Just like the IIR and FIR digital filters mentioned above have in electronic theory a "characteristic impulse" which uniquely defines their behavior in the case of a linear signal processing path, it is possible  to record the characteristics of other "filters" in the form of an impulse, which can be fun for using with convolution software to approximate the convolution of the recorded impulse as a filter on some signal put through it. Suppose we'd be able to determine the impulse behaviour of a guitar loudspeaker cabinet, we could virtually send a signal through it by using the impulse and convolution software and get that sound without ever putting signal through the actual cabinet.

Mind you, the impulse theory ONLY and EXCLUSIVELY holds for linear systems, so if the speaker also distorts (which it without any doubt does) which is a form of non-linear behavior, the impulse you've recorded isn't in line with the theory anymore, and does "stuff" without good theoretical foundation, and certainly isn't anymore a good way to model the loudspeaker.

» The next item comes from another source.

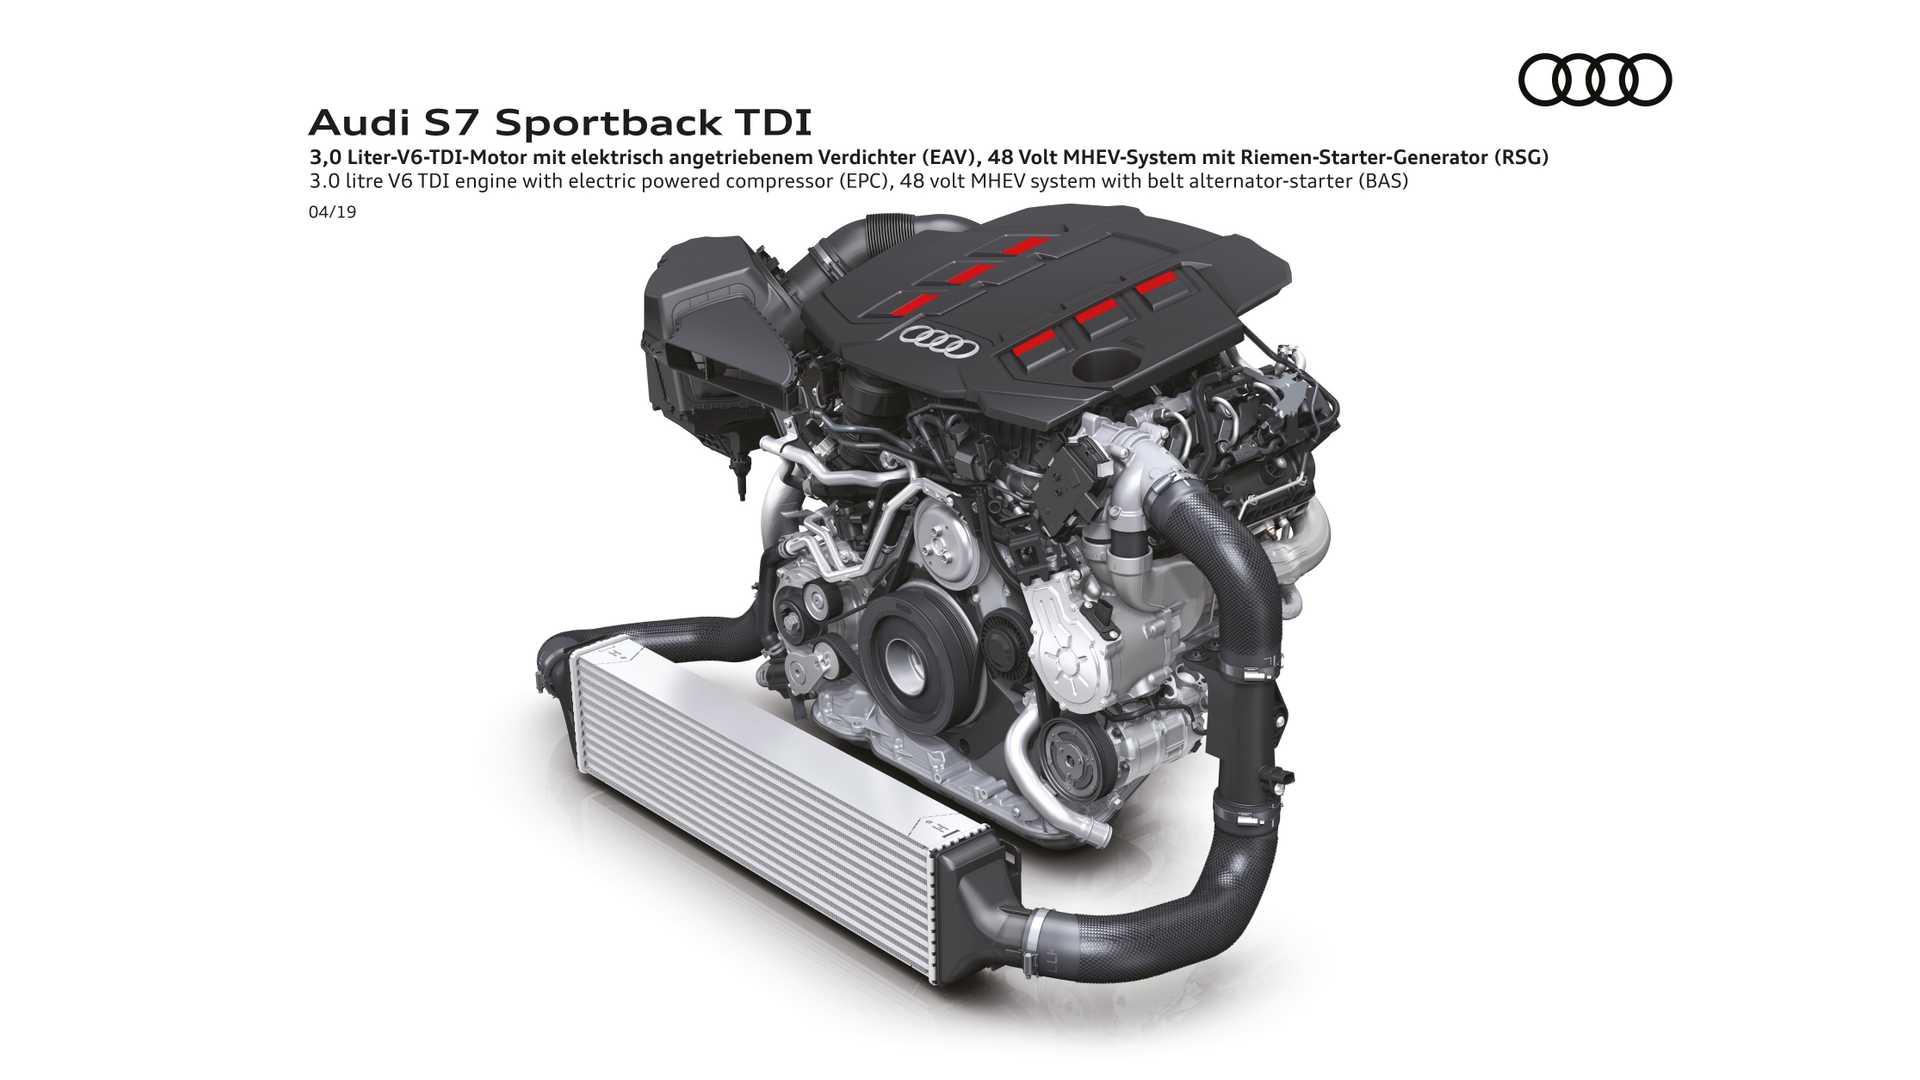 2020-audi-s7-sportback-tdi (11).jpg

Analog equalizers to more or lesser extend are linear enough to take notice of and could be impulse sampled to imitate them. Some simple forms of reverberation  as well, which is fun, but very soon those impulse reverbs (unless used for a well defined small purpose) are going to sound dull and all the same because another condition for linear impulse theory to work is a constant system with no changing variables, which the air in a reverberating space is not.